The phrase finally made sense. Vibe coding isn’t about syntax. It’s about collaborating with the machine to translate ideas into reality and Prompts become the real Source Code.
Can Everyone Create Magic?
That experience opened my eyes to a whole new world. I fell into the rabbit hole of text-to-code tools. I went back to the Startup Ideas Podcast episode where Ras plots the tools along that control vs. skill spectrum. He makes a compelling point: everyone can find a tool that meets them where they are.
That made me wonder: can everyone create magic like I did?
So I started brainstorming with 4o, I explored different personas. We narrowed it down to three that represent a broad cross-section of skills and needs:
- The Designer: Great with visual flow, user experience, and interfaces. Not traditionally a coder, but knows how things should feel. With tools like Loavable or V0, they can turn mockups into working prototypes with a few prompts.
- The Founder: Resourceful, strategic, focused on outcomes. May not have the budget for a dev team, but has a clear vision. Tools like Replit or WindSurf allow them to build scrappy MVPs quickly without waiting on engineering.
- The Freelancer: Multi-talented, often juggling several clients. Has to build landing pages, automate tasks, or prototype interactions. Cursor and AI-native IDEs give them the power to extend their skills without deep coding knowledge.

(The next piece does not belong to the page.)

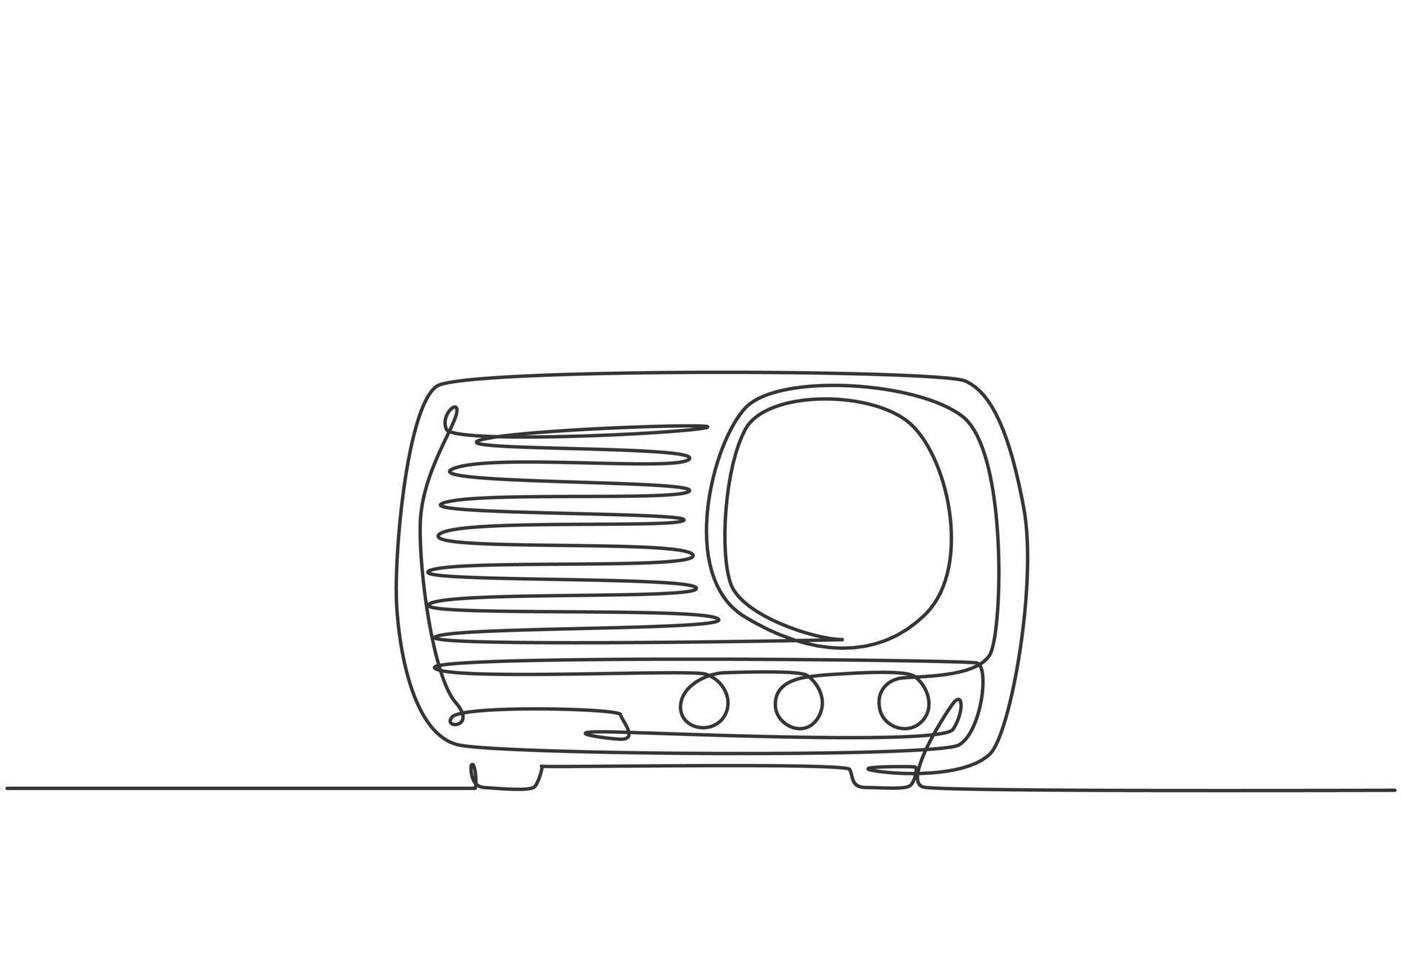 een doorlopende lijntekening van retro oude klassieke radiospeler. vintage analoge audio luidspreker item concept enkele lijn tekenen ontwerp vector grafische illustratie

What matters most is not the tool, but the approach.
Try different tools. Be patient. Break your problem into smaller parts. Plan the structure of your build with AI. Think through your features. Iterate on prompts. You don’t need to get it right in one shot—you just need to start.
Magic doesn’t happen all at once. It happens layer by layer, until one day, it works.
A Creative Shift
This wasn’t just a fix for a broken module. It was something bigger. It felt like a personal revolution.
For years, I thought building software was a club I couldn’t join. Now, a skill gap I’d carried for 20 years just disappeared. The backlog of problems I had shelved due to lack of code skills? Suddenly in reach.
It was exciting. It was liberating. It was fun.
This is probably the most empowering technological shift I’ve lived through. Not because it eliminates the need for engineers—but because it invites more people into the world of creation.
If you can imagine it, you can build it.